No topo do sinalizador da Estação Espacial T-21, um operador de comunicações estava sentado. Os operadores nas fronteiras são considerados os mais azarados: se nada acontece, passam os dias sem tarefas e não têm oportunidades de ascensão. Porém, quando algo acontece, são eles que enfrentam o azar, pois, em geral, qualquer problema na fronteira está relacionado a povos estrangeiros. Os piratas estelares não ousam aparecer ali, o que o tranquilizava, pois no ano seguinte poderia se aposentar. Pensando nisso, relaxou, pegou o copo ao lado e tomou um gole de água, soltando um longo suspiro antes de se recostar na cadeira para dormir um pouco.
De repente, um alarme estridente soou acima da estação espacial. O operador de comunicações, que acabara de adormecer, saltou da cadeira, ainda confuso, olhando para o radar de detecção à sua frente. Sua expressão mudou abruptamente; abriu os olhos ao máximo e, excitado, gritou no comunicador: “Há um gigante vindo do oeste!”
No canal, uma voz soou: “Sargento, confirme o tamanho e identifique o objeto.”
O sargento, gaguejando, respondeu: “Er… Tem cerca de vinte quilômetros de comprimento, quatro de diâmetro… Caramba, é uma enorme nave dourada! Aposto que é quatro vezes maior que a nave Dahe!”
Outra voz no canal disse: “Conecte-se ao objeto.”
O sargento respondeu: “Sim, general.”
Na sala de controle principal da nave Estrela Um estavam um homem e uma mulher: Kalan Kaian e Kalan Xiangyan. Naquele instante, uma voz feminina suave ecoou no alto da sala: “Sinal de ondas detectado. Identificado como método de comunicação de uma civilização humana. Eles querem se conectar para comunicar-se. Autorizar?”
Kalan Xiangyan ergueu a cabeça e disse: “Autorize.” Nesse momento, um holograma se elevou diante dela, revelando a projeção de um homem: rosto quadrado, cabelo curto, uniforme militar verde, uma estrela de general no ombro, indicando ser um major-general. Ele falou: “Sou Su Xinghe, comandante da frota de fronteira da Federação Tang Song. Por favor, identifique-se e informe o propósito da visita.”
Kalan Xiangyan, séria, respondeu: “Aqui é Estrela Um, viemos do Domínio Kalan. No caminho, capturamos uma nave de guerra da Federação que fugiu para o nosso território. Nosso objetivo é devolver esses indivíduos à Federação.”

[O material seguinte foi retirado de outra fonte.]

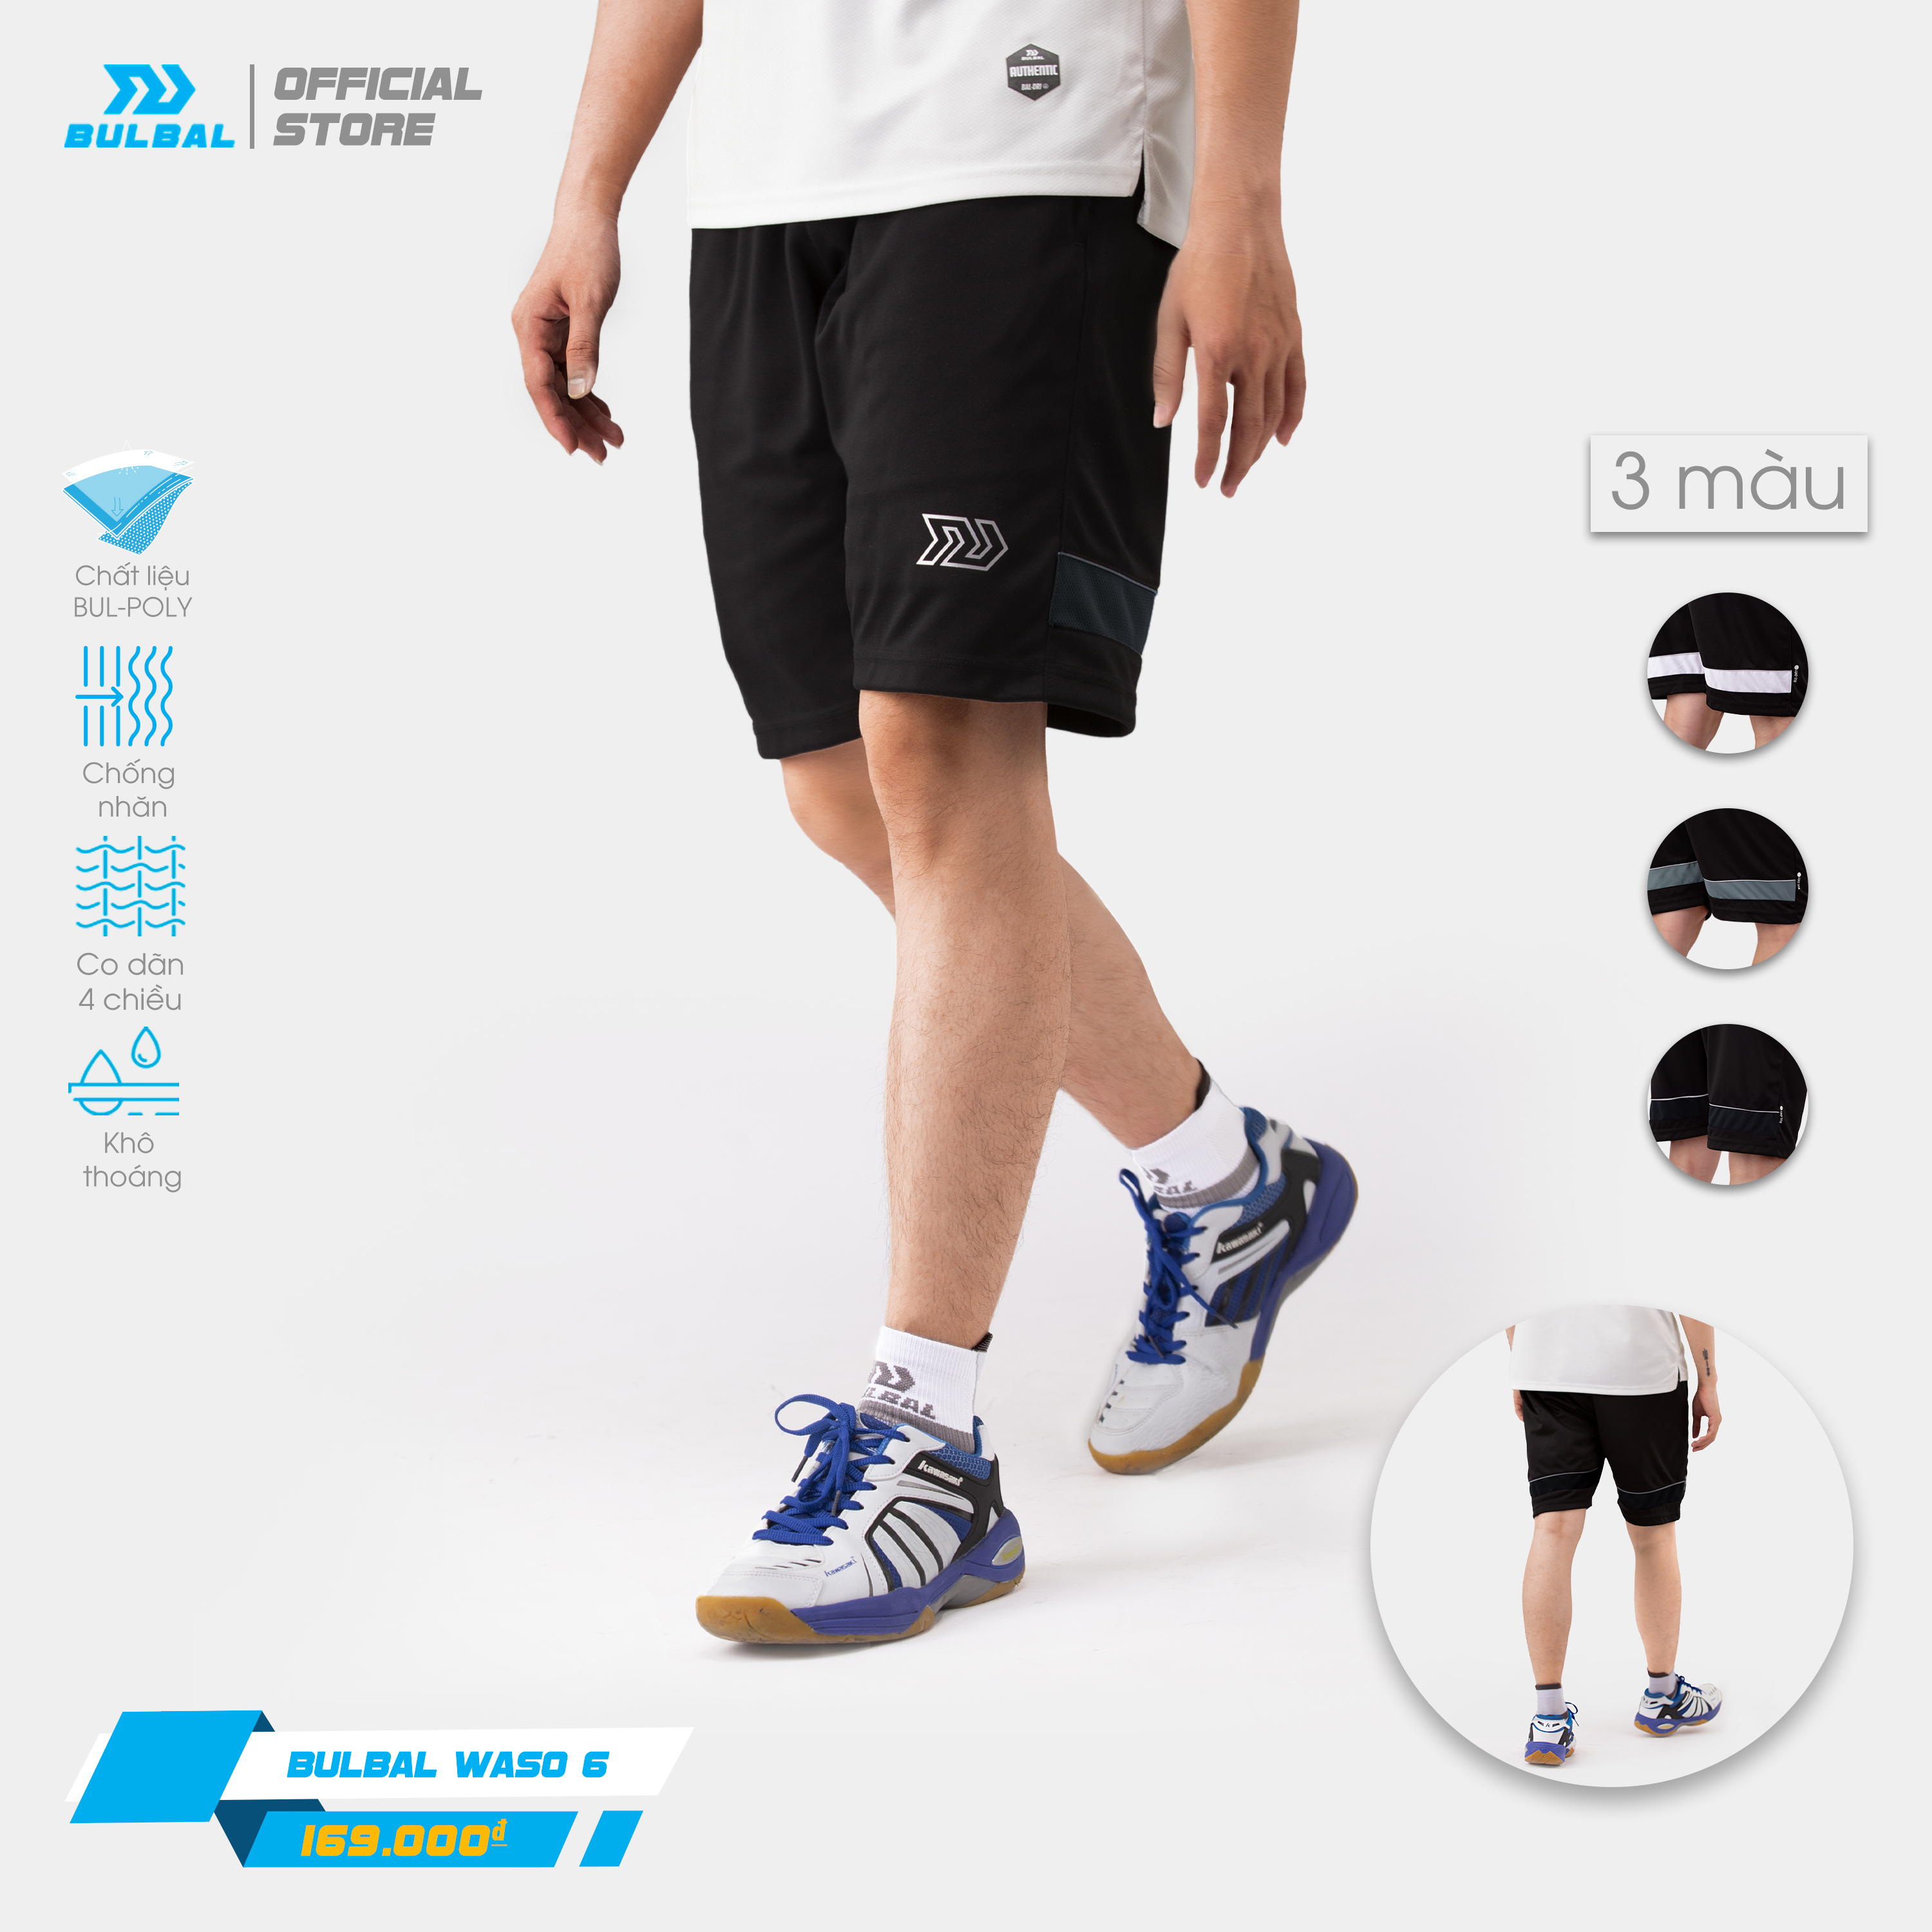 Quần short thể thao Bulbal Waso 6 cao cấp, chất vải Si-giãn co giãn 4 chiều chống nhăn hiệu quả, kiểu dáng thể thao

Su Xinghe assentiu. Ele sabia que, de tempos em tempos, humanos fugiam para regiões de outras raças por terem cometido crimes. Disse: “Entregue-os no espaçoporto nas coordenadas x1092, y689, z10.”
Kalan Xiangyan ergueu o queixo e respondeu: “Nós os deixaremos nesse espaçoporto.”
...
Estrela Um agora dividia um dormitório de vinte pessoas com Kalan Meng. Nesse dormitório, estavam os líderes das quatro grandes facções do planeta Caos. A atmosfera era estranha.
Fênix olhava para Estrela Um, cerrando ainda mais os dentes de prata. Bétula já havia deixado de lado os sentimentos de inveja e olhava para Estrela Um com um olhar de reverência; a maioria dos presentes também tinha esse olhar. O senhor Song estava atônito, mas seus olhos brilhavam.
Dragão Águia estava sentado em sua cama, bebendo água, mantendo o gesto desde que Estrela Um e Kalan Meng apareceram. Atrás dele, um jovem de cabelos dourados tinha a mesma expressão ao olhar para Estrela Um.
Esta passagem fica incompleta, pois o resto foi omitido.